Аманда отвернулась, немного пригнувшись, словно боялась, что ее ударят. Она пробормотала про себя, но так отчетливо, что Лива слышала:

— Нет, это не ложь, совсем не ложь. У меня есть глаза. Да и Опперман не отрицал. А у фру голова яснее, чем у нас обеих вместе…

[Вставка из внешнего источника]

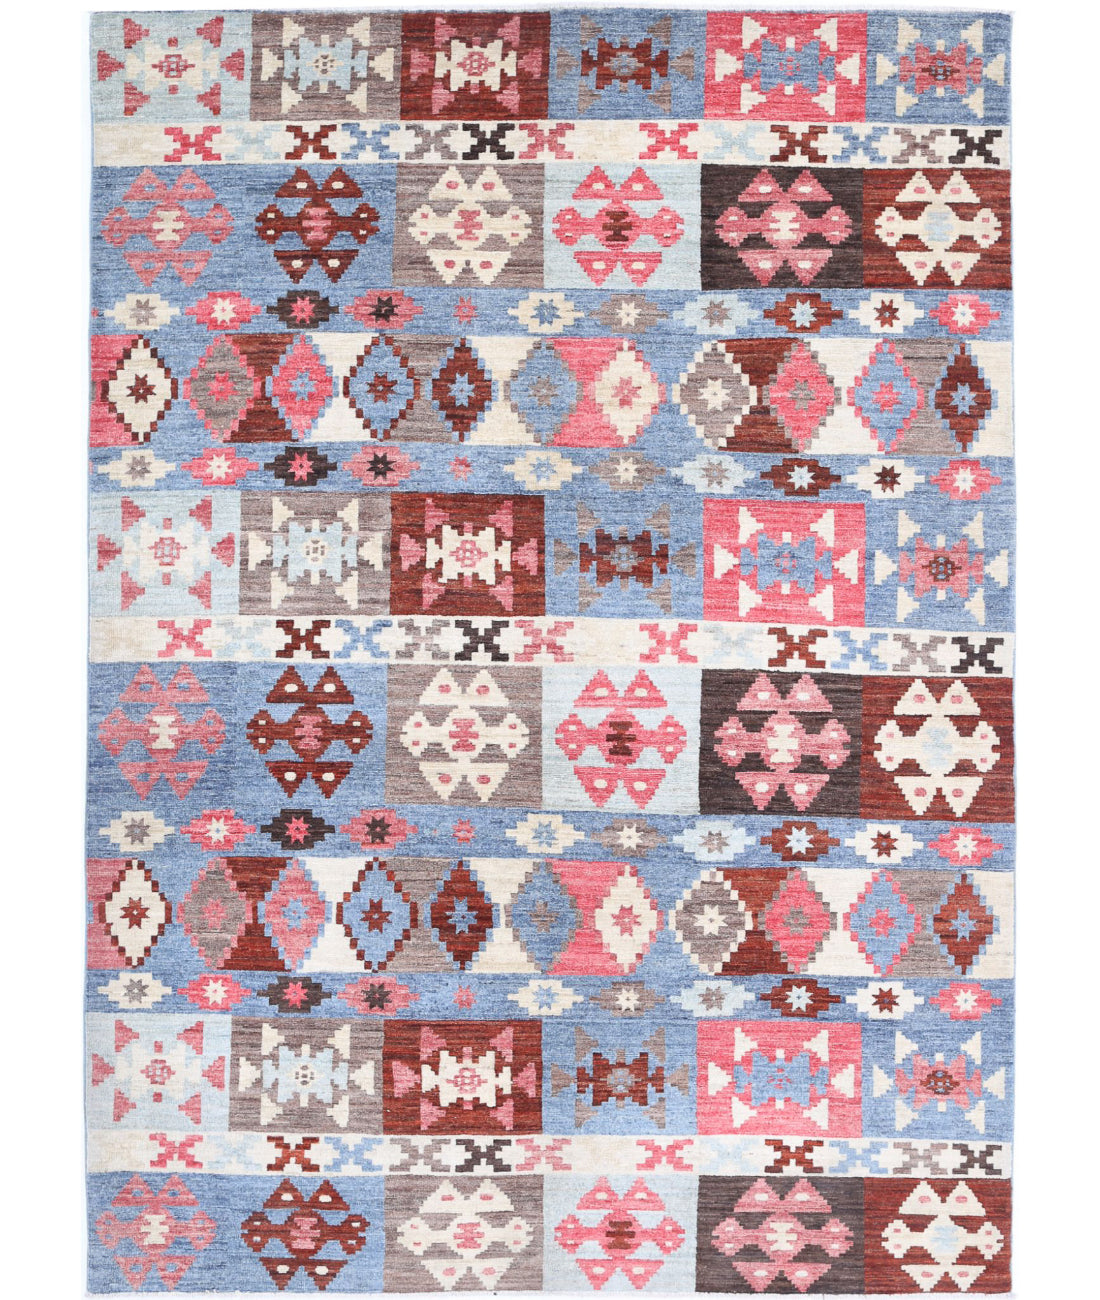 Hand Knotted Modcar Wool Rug - 5'6'' x 7'8'' 5'6'' x 7'8'' (165 X 230) / Multi / Multi

— Это ложь! — прошептала Лива и повторила так громко, что слышно было и в передней, и на лестнице: — Это ложь! Я заставлю Оппермана поклясться в том, что вы лжете. Вас привлекут к суду за клевету!

Аманда подошла к кухонной двери и взялась за ручку, жалкая улыбка блуждала в ее глазах, глаза бегали, и она все время бормотала как бы про себя:

— Опперман… Он, конечно, будет на твоей стороне, боже ты мой, еще бы… Но фру не глупа и не безумна, не думай этого, она даже не сердится на тебя, вот она какая.

Лива подошла к старухе, схватила ее за руки и заставила посмотреть себе в глаза.

— Неужели ты не понимаешь, как это ужасно и позорно для меня? — спросила она. — Я обручена и никогда ни с кем, кроме моего жениха, у меня ничего не было! У меня ничего не было с Опперманом, Аманда, ничего, ничего! Не разрушай мне всю жизнь сплетней! Может дойти до моего жениха, и что тогда? Он может умереть, Аманда, ведь он очень болен! Неужели ты не понимаешь, какой это грех?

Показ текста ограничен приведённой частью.